WORK REQUIRED = Write out the lines of the material below exactly, beginning at the line with "http://forumstatic.ru/files/0019/44/1c/44899.png" and stopping after the line with "Free Photo Watercolors", and leave out the pictures.

***** LISTED ENTRIES

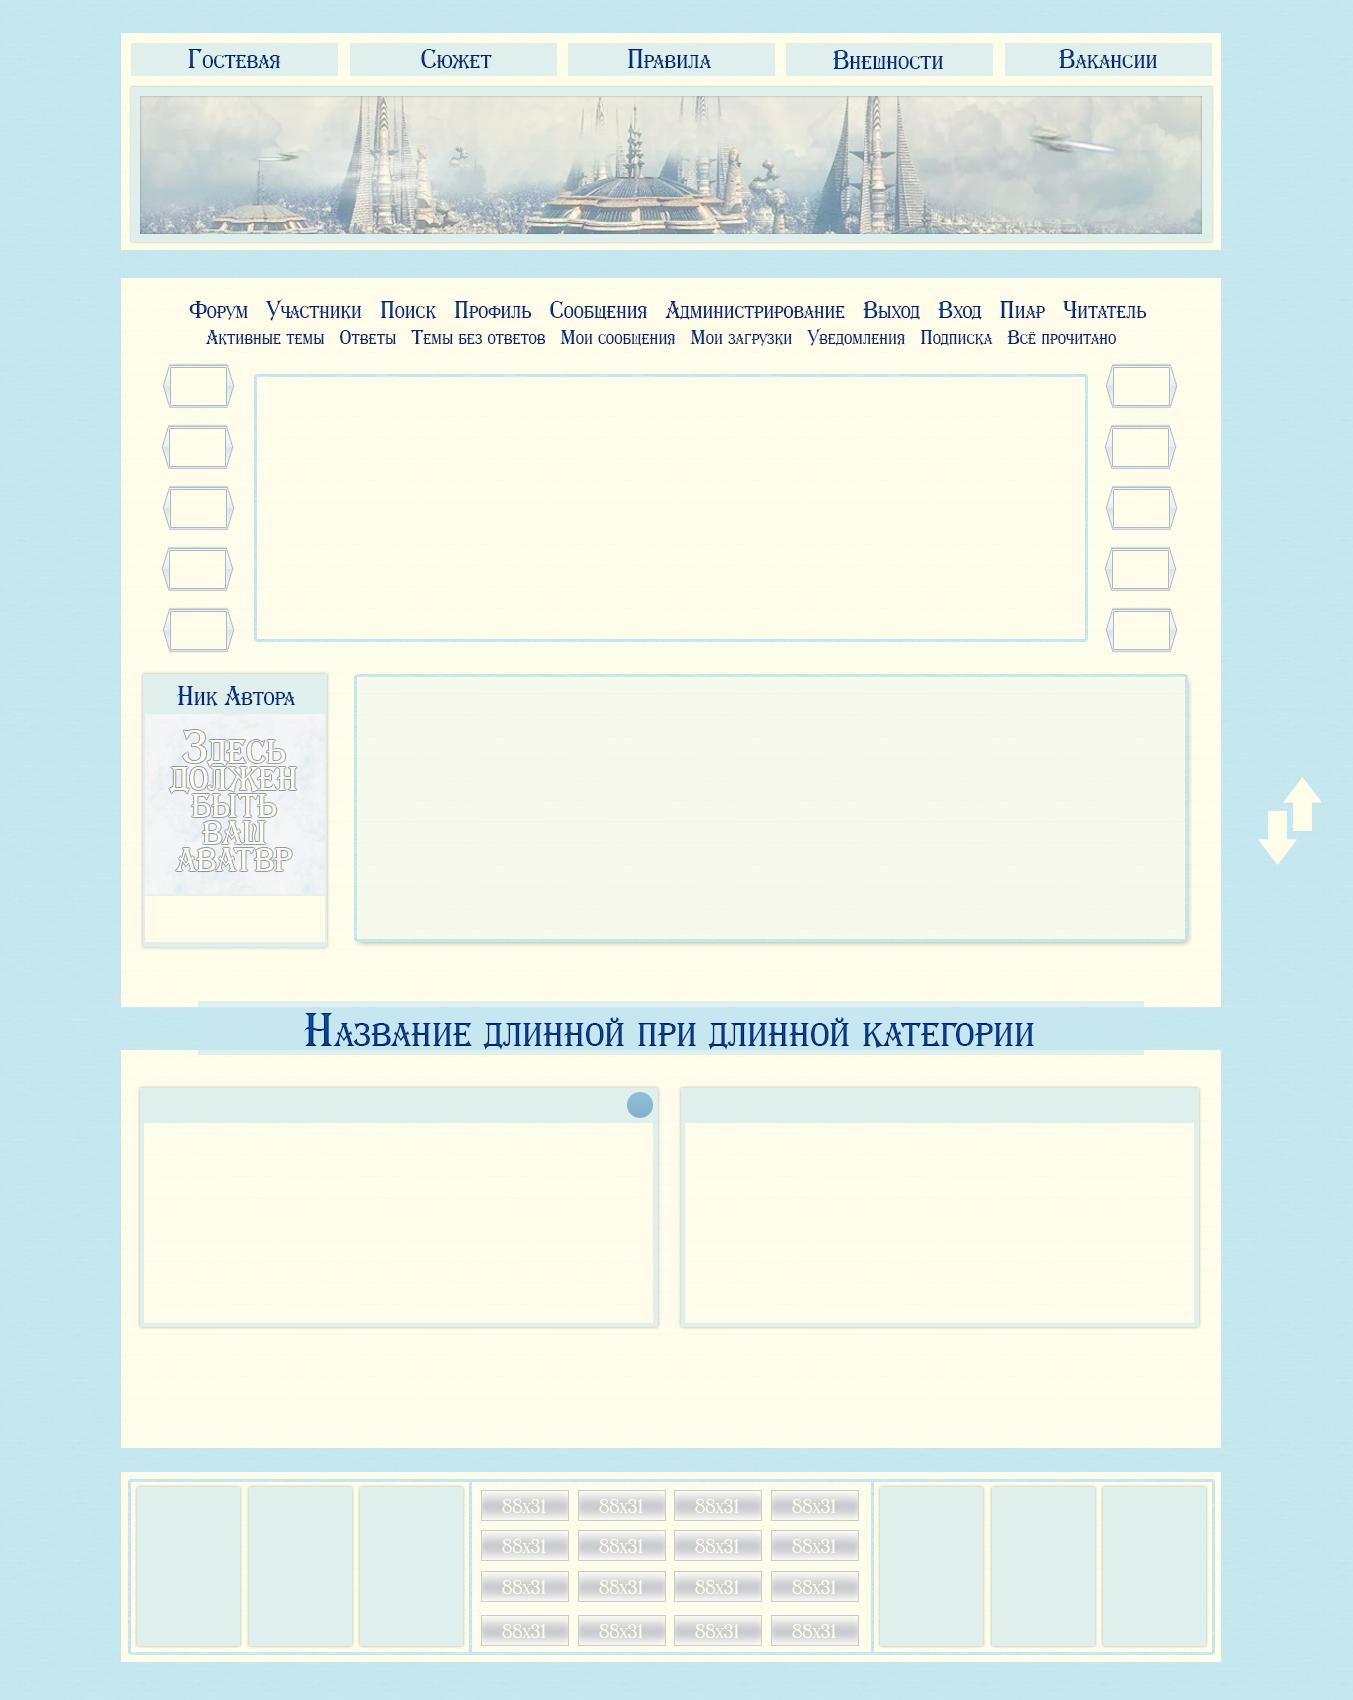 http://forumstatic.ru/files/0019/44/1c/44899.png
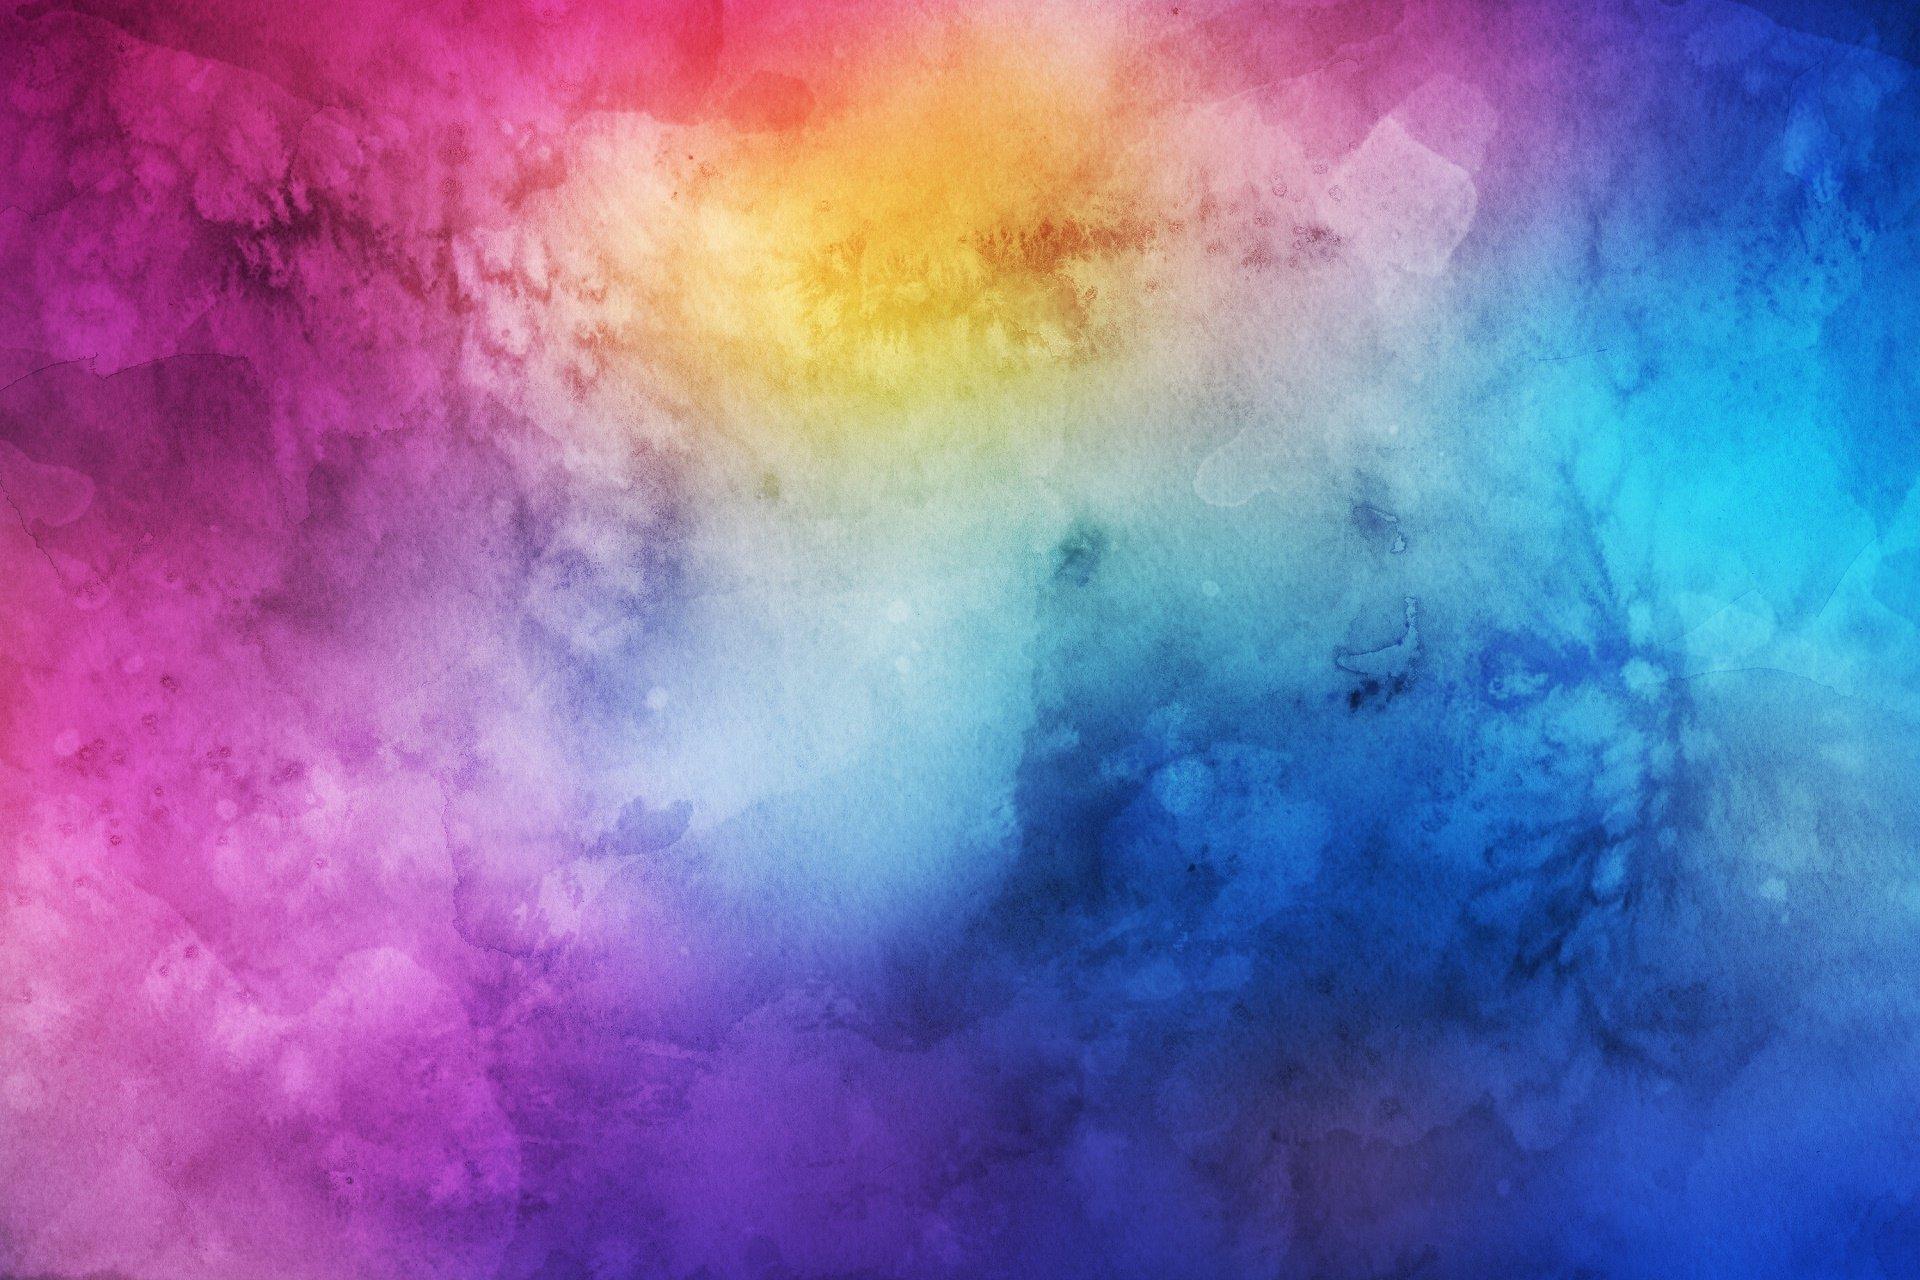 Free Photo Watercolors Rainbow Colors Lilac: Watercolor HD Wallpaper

**********
***** LISTED ENTRIES

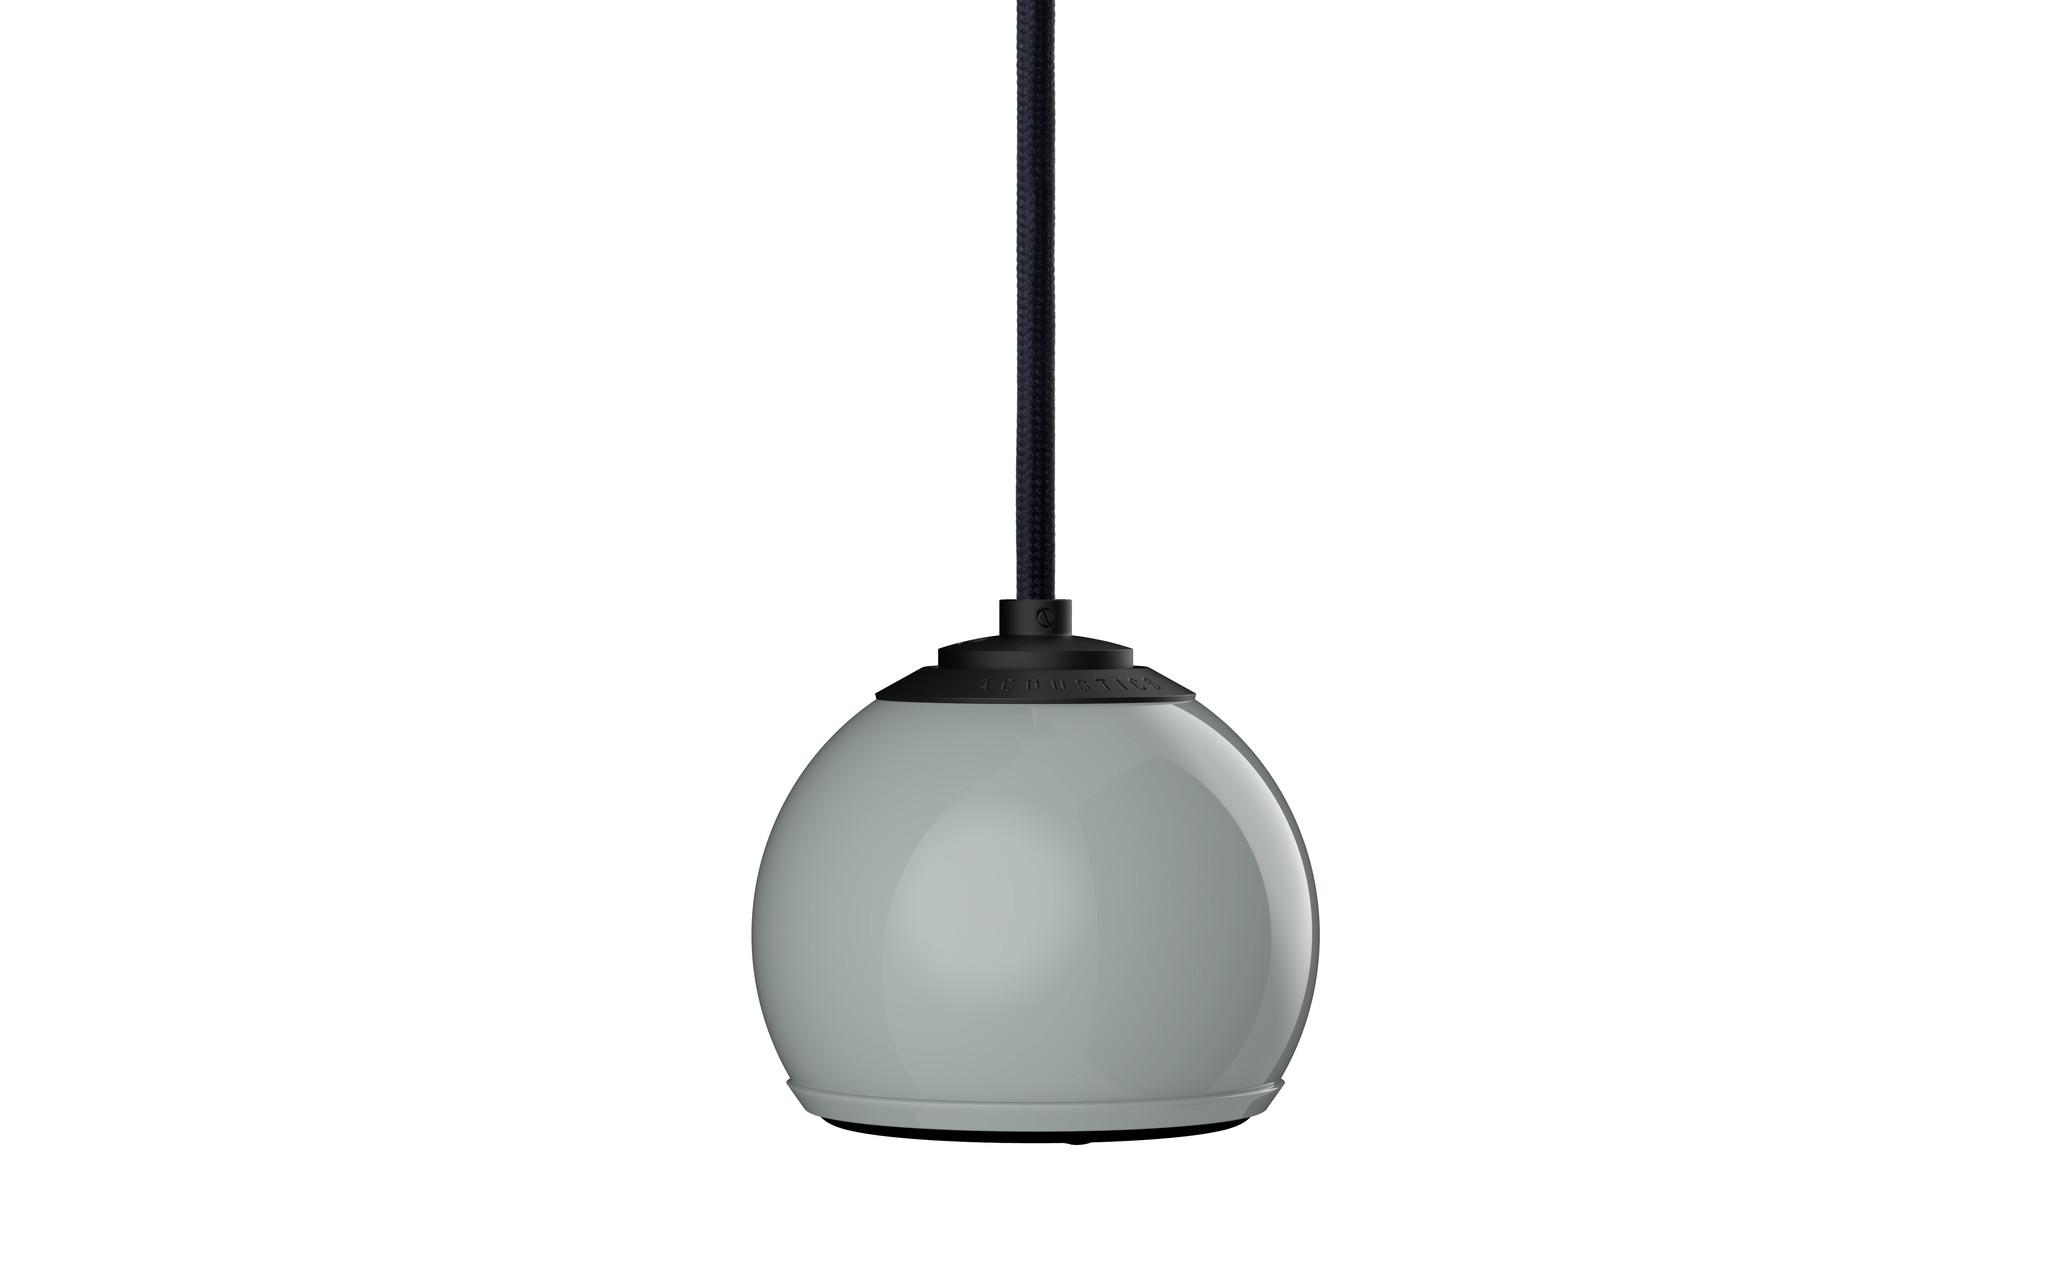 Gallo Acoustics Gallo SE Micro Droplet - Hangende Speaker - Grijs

**********

REPLY TO THE TASK =
 http://forumstatic.ru/files/0019/44/1c/44899.png
 Free Photo Watercolors Rainbow Colors Lilac: Watercolor HD Wallpaper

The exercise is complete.